CREATE TABLE IF NOT EXISTS taxi_trips (
VendorID INTEGER,
tpep_pickup_datetime TIMESTAMP,
tpep_dropoff_datetime TIMESTAMP,
passenger_count INTEGER,
trip_distance DECIMAL,
RatecodeID INTEGER,
store_and_fwd_flag VARCHAR(1),
PULocationID INTEGER,
DOLocationID INTEGER,
payment_type INTEGER,
fare_amount DECIMAL,
extra DECIMAL,
mta_tax DECIMAL,
tip_amount DECIMAL,
tolls_amount DECIMAL,
improvement_surcharge DECIMAL,
total_amount DECIMAL,
congestion_surcharge DECIMAL,
Airport_fee DECIMAL,
company_name VARCHAR(255)
);
"""
(
self.spark
.sql(query)
.write
.format("jdbc")
.option("url", self.jdbc_url)
.option("dbtable", "taxi_data.taxi_trips")
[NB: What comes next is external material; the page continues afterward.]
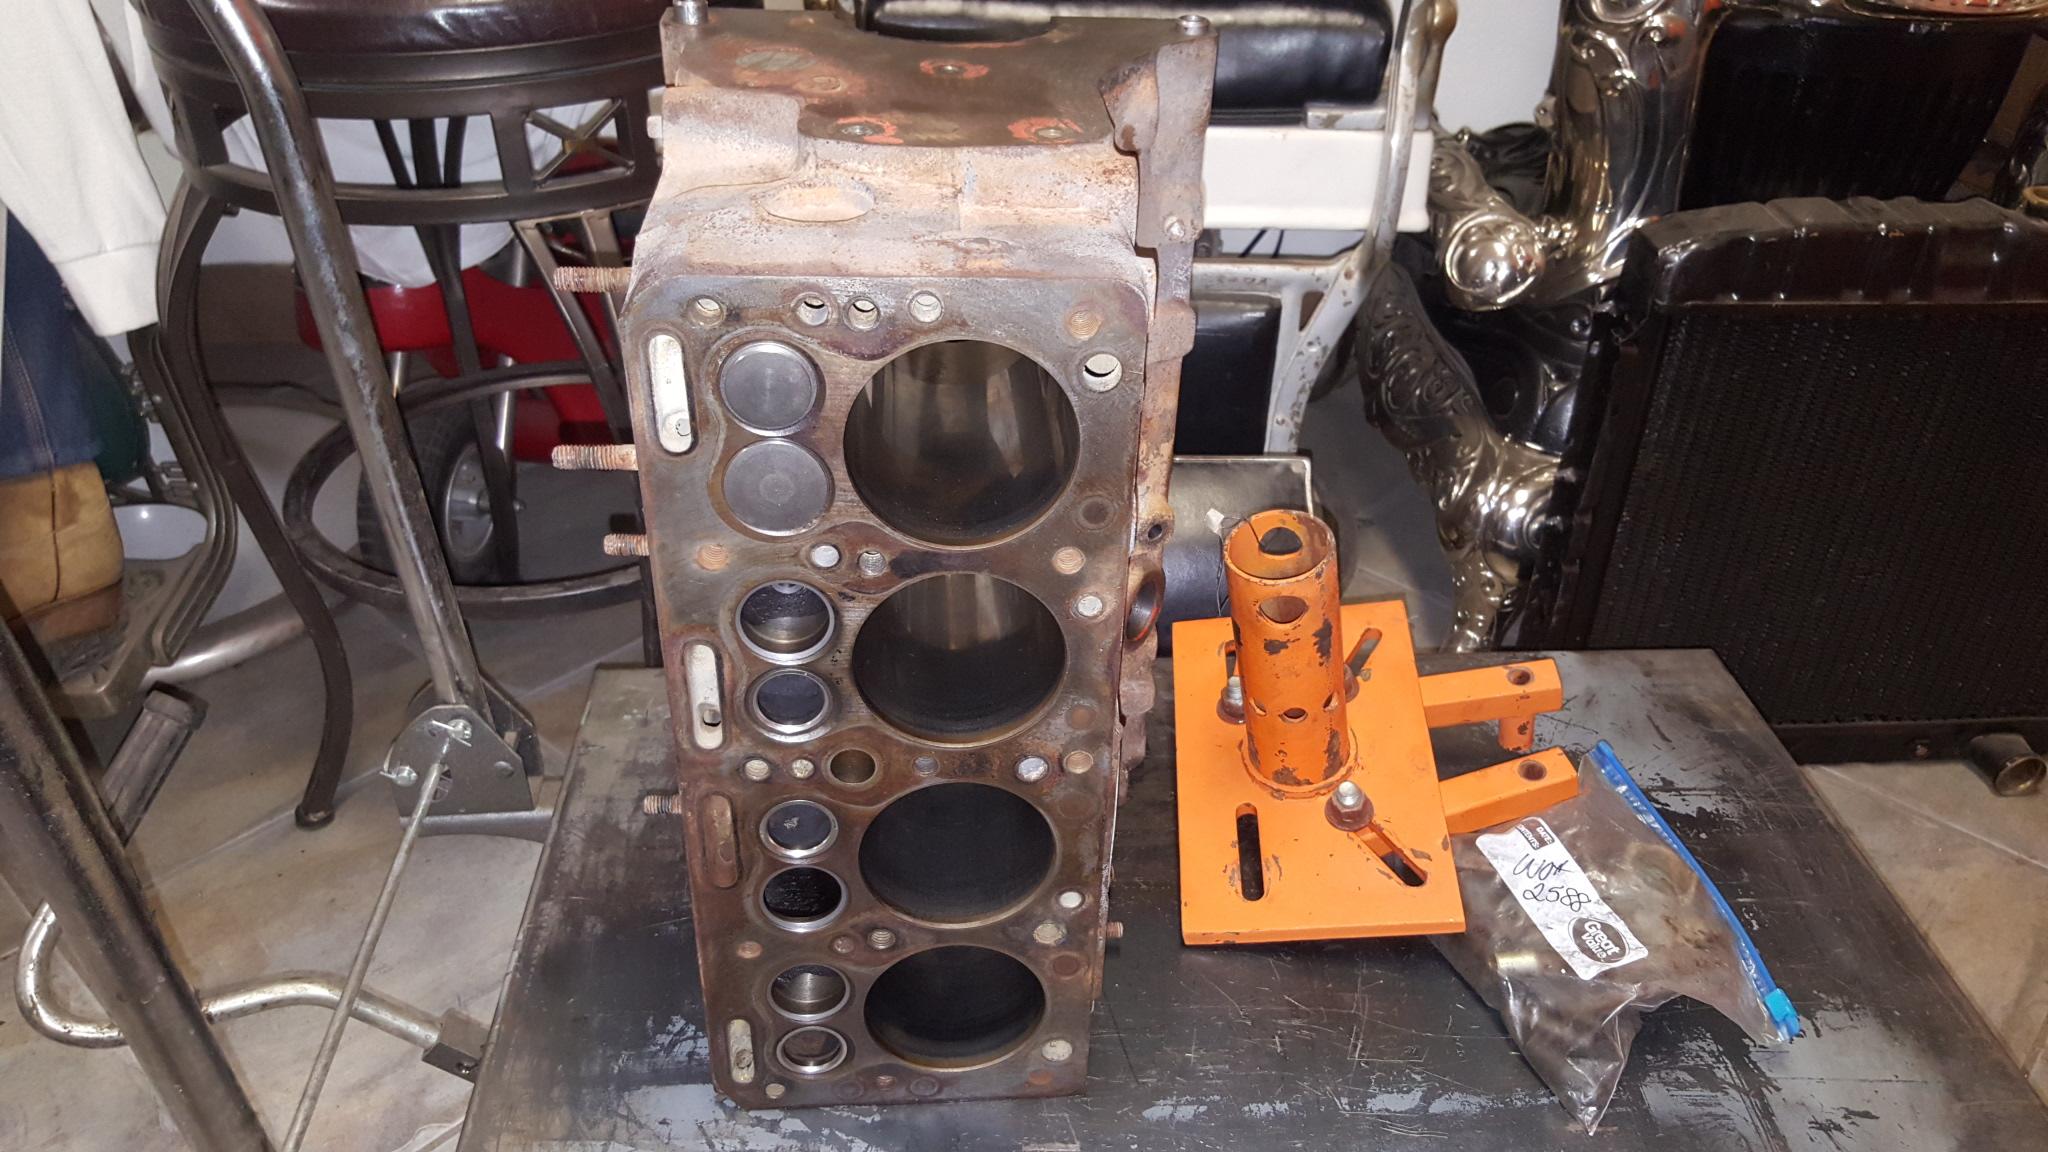 Lincoln Welder Continental Flathead Engine & 5 9 Cummins
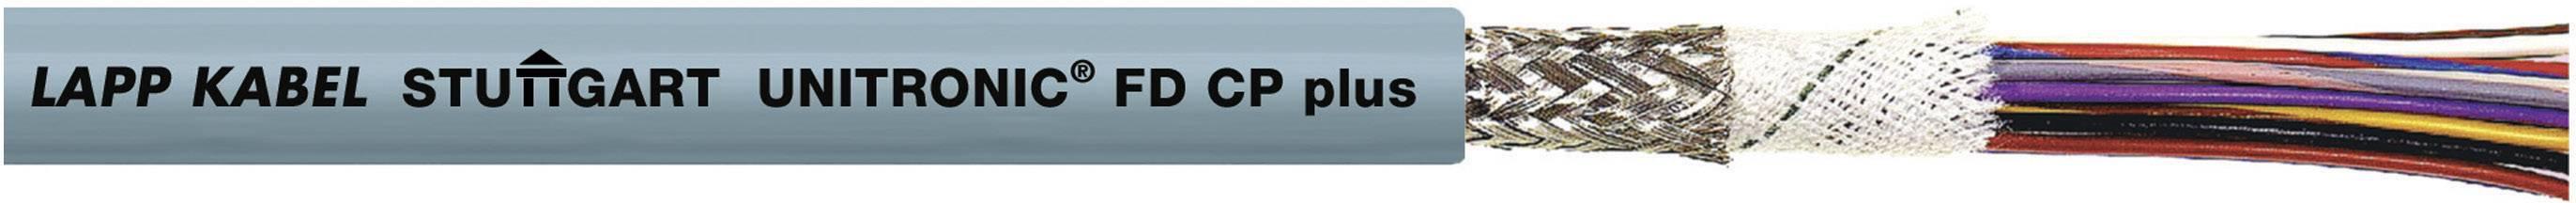 Datový kabel LappKabel UNITRONIC FD CP plus 4X0,34 (0028900), 4x 0,34 mm², Ø 6,3 mm, stíněný, 1 m, šedá

.option("user", self.properties["user_name"])
.option("password", self.properties["password"])
.save()
)
def load_data_into_dw(self):
df = self.spark.read.parquet(os.getenv("DATA_PATH") \
+ "/large-scale-data-processing/data/output/joined_table_a")
(
df.write.format("jdbc")
.option("url", self.jdbc_url)
.option("dbtable", "taxi_data.taxi_trips")
.option("user", self.properties.get('user_name'))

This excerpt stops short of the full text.